EXERCISE AIM -> Please give again, exactly and only, the stretch of lines from the one containing "Treatment; Non" to the end of the entries below.

Top of EXERCISE INPUTS

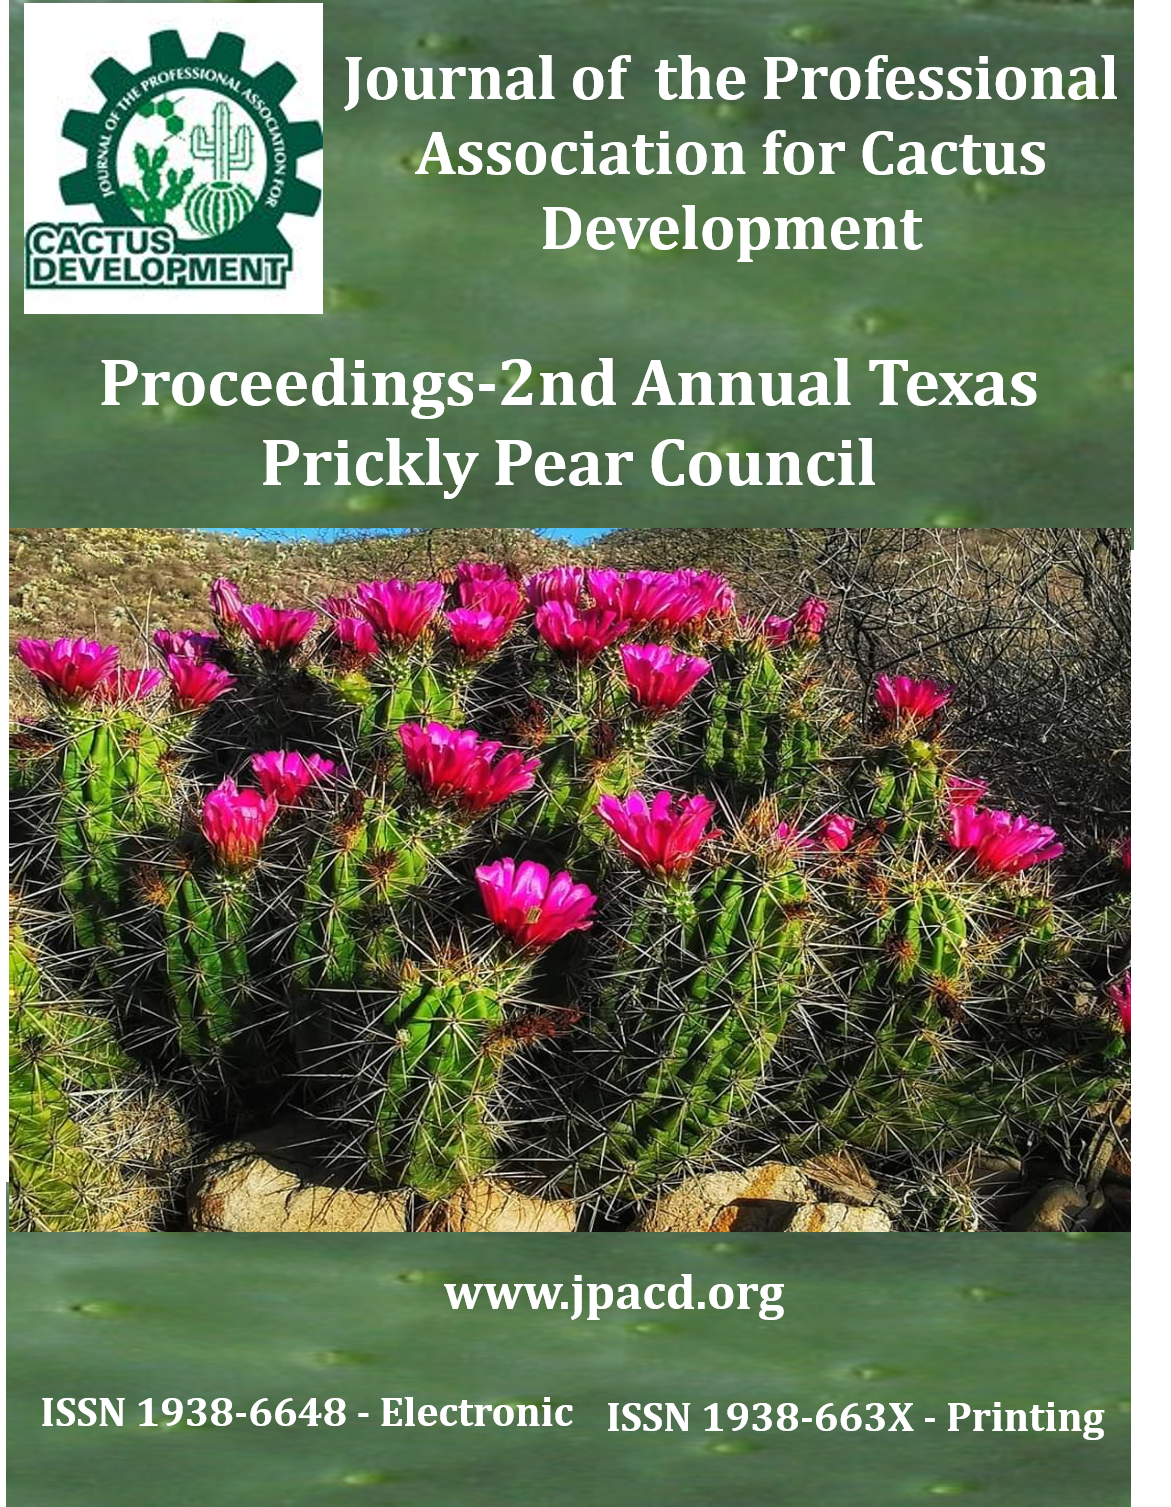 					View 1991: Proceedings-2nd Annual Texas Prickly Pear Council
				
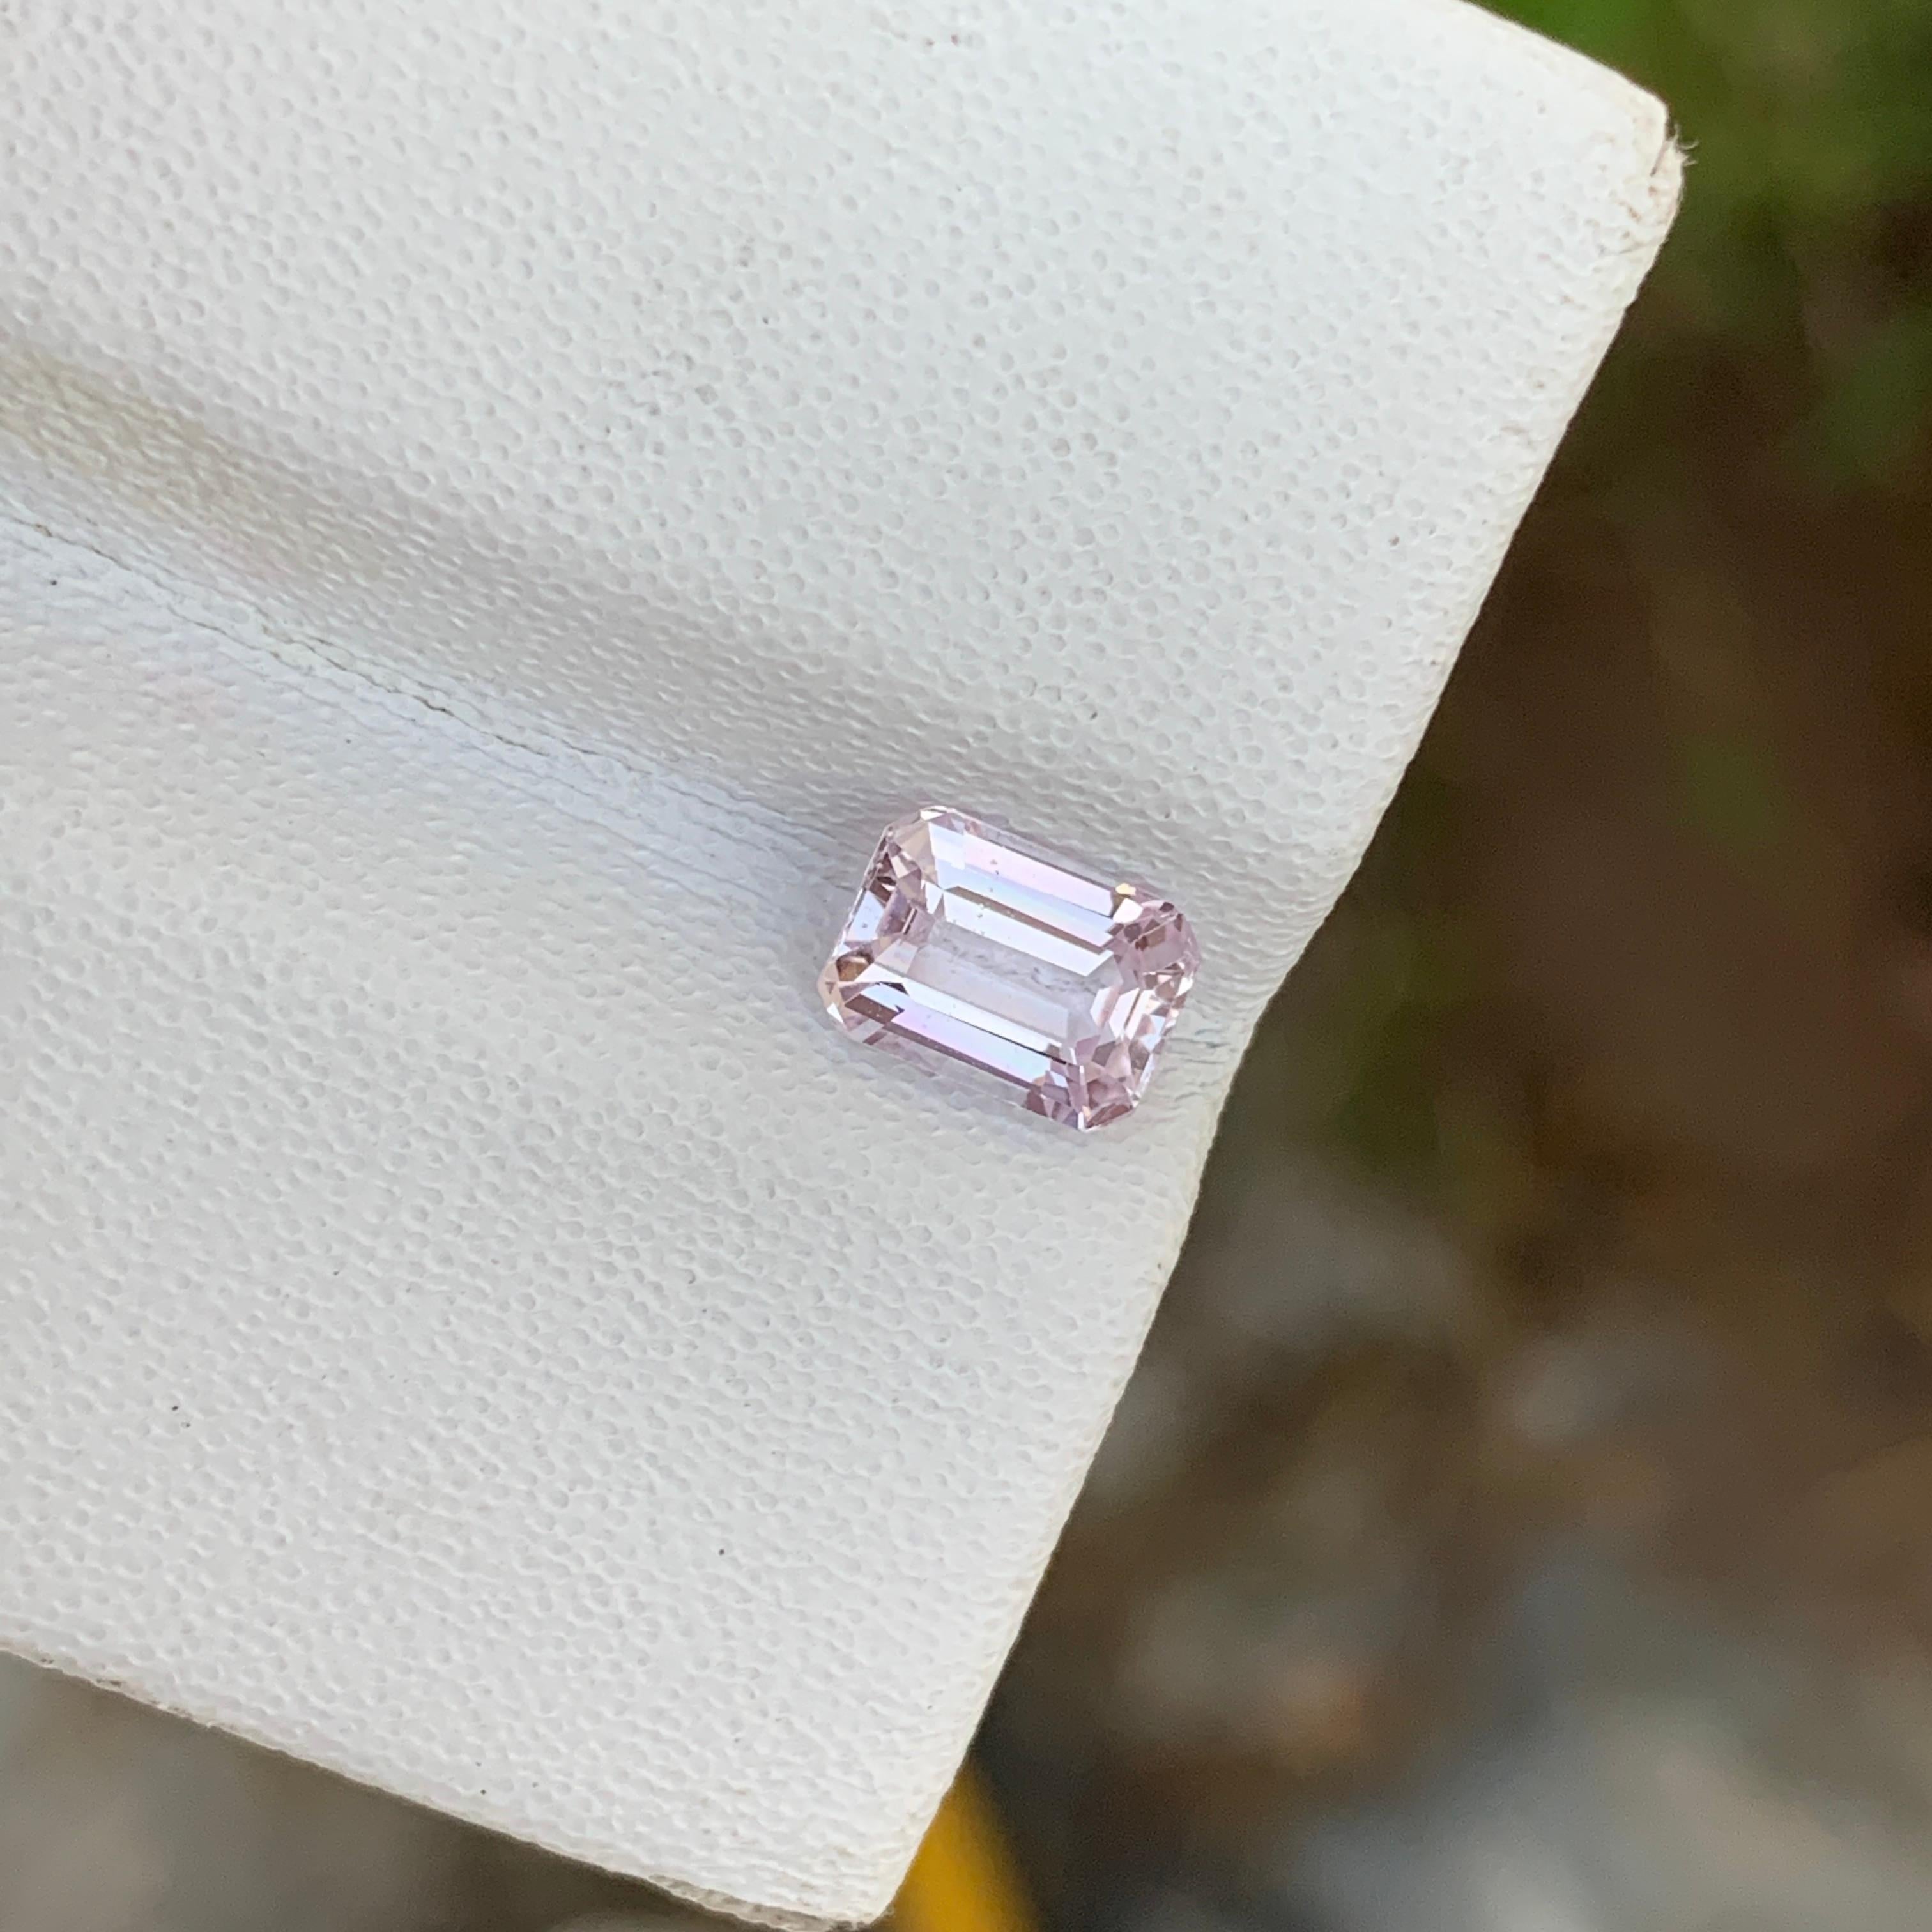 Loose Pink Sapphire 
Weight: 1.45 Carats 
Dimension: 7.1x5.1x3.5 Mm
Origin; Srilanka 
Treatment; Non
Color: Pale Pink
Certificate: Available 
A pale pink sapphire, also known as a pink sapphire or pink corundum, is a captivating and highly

Bottom of EXERCISE INPUTS

EXPECTED OUTPUT ->
Treatment; Non
Color: Pale Pink
Certificate: Available 
A pale pink sapphire, also known as a pink sapphire or pink corundum, is a captivating and highly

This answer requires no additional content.